What is needed is an exact transcription of the listing, with the images removed.

**DATASET EXTRACT:**
== == ==
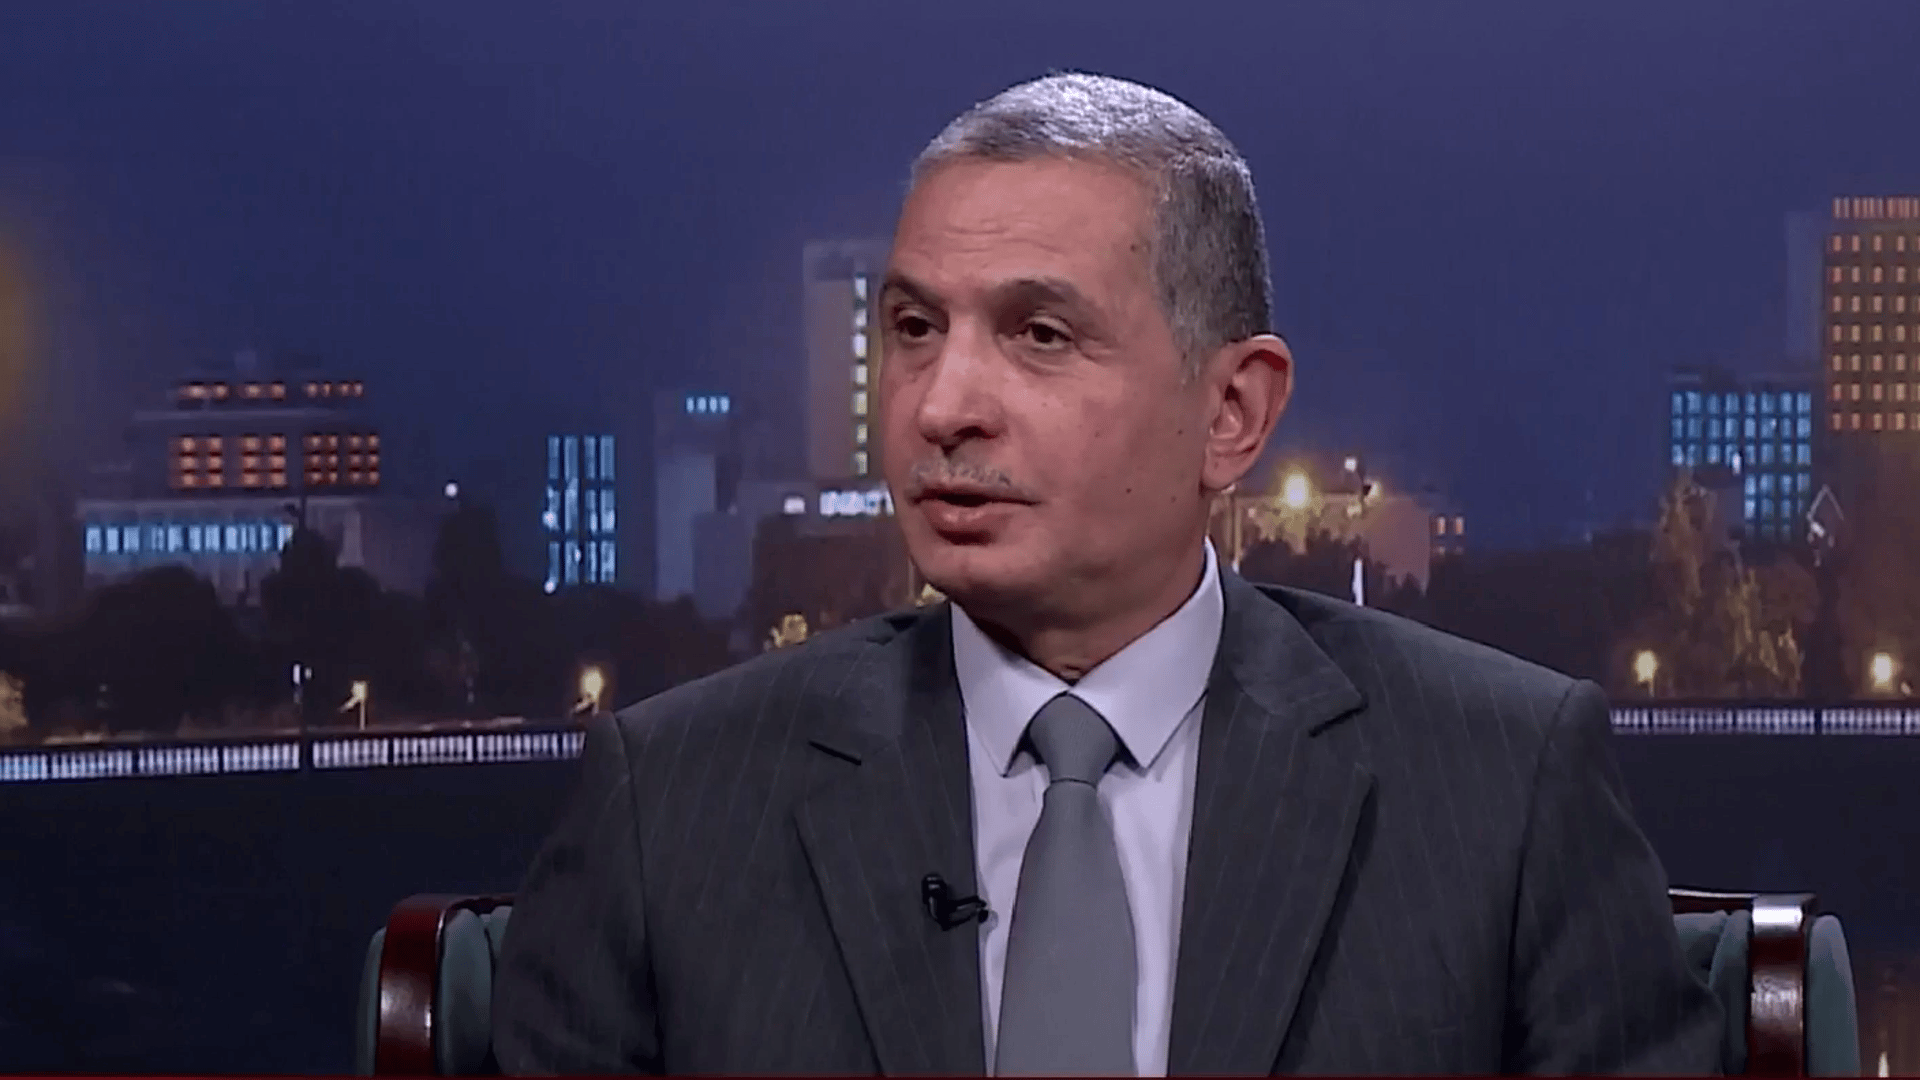 Former Iraqi Army Chief Recounts Flawed Formation and Challenges
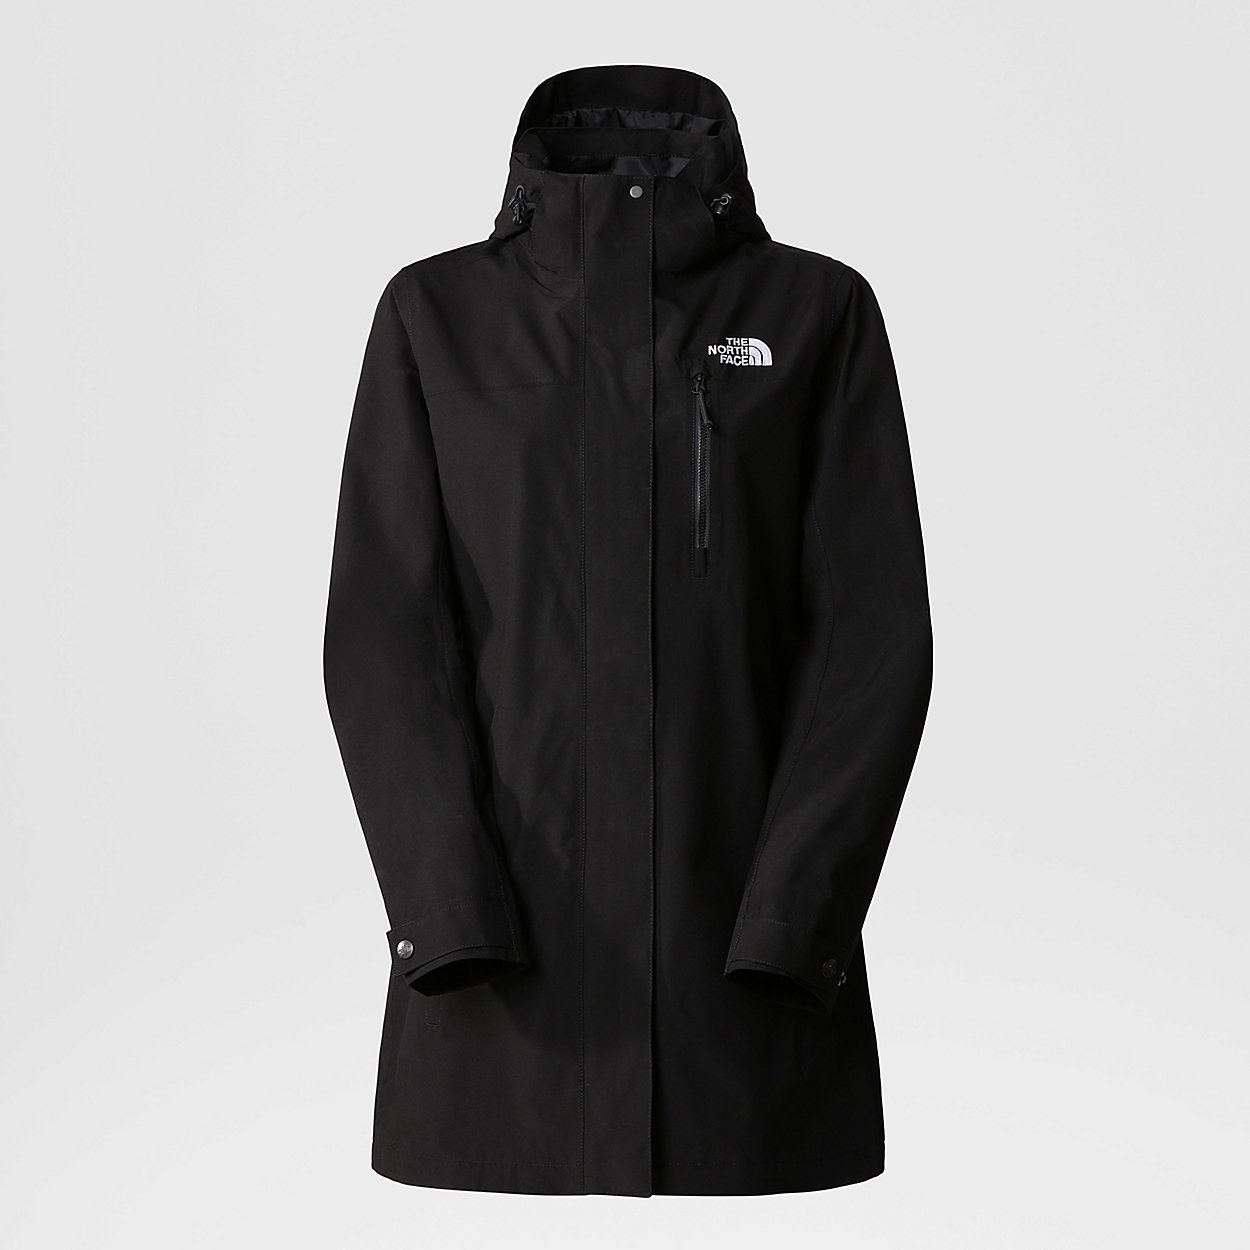 Unlock Wilderness' choice in the Berghaus Vs North Face comparison, the Waterproof Parka by The North Face
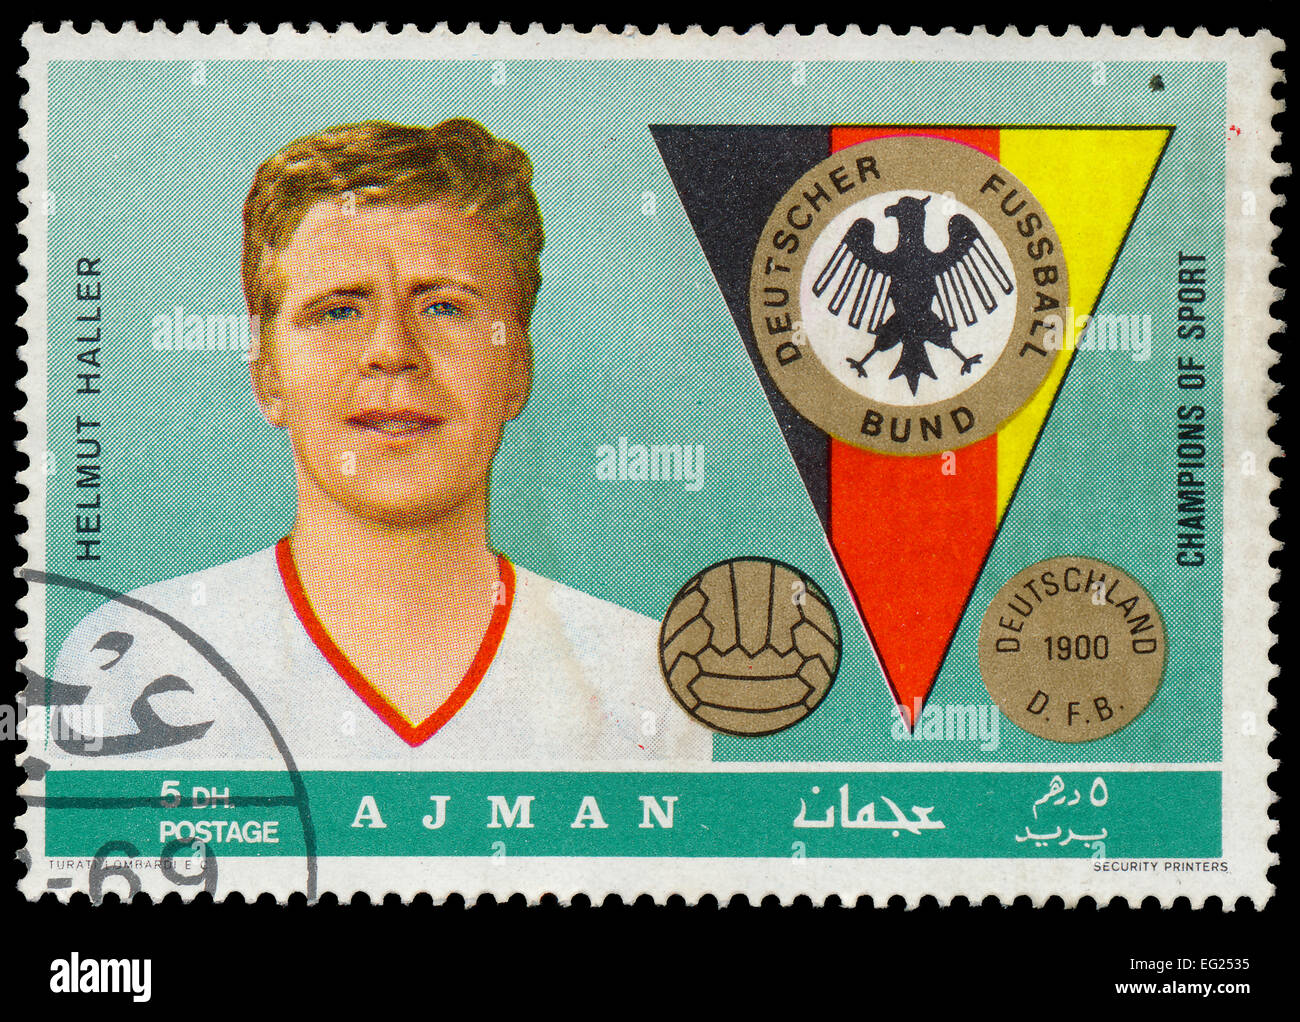 AJMAN - CIRCA 1969: a postage stamp printed in Ajman one of the emirares of the United Arab Emirates showing an image of Helmut  Stock Photo
== == ==
**ANSWER SPACE:**
 Former Iraqi Army Chief Recounts Flawed Formation and Challenges
 Unlock Wilderness' choice in the Berghaus Vs North Face comparison, the Waterproof Parka by The North Face
 AJMAN - CIRCA 1969: a postage stamp printed in Ajman one of the emirares of the United Arab Emirates showing an image of Helmut  Stock Photo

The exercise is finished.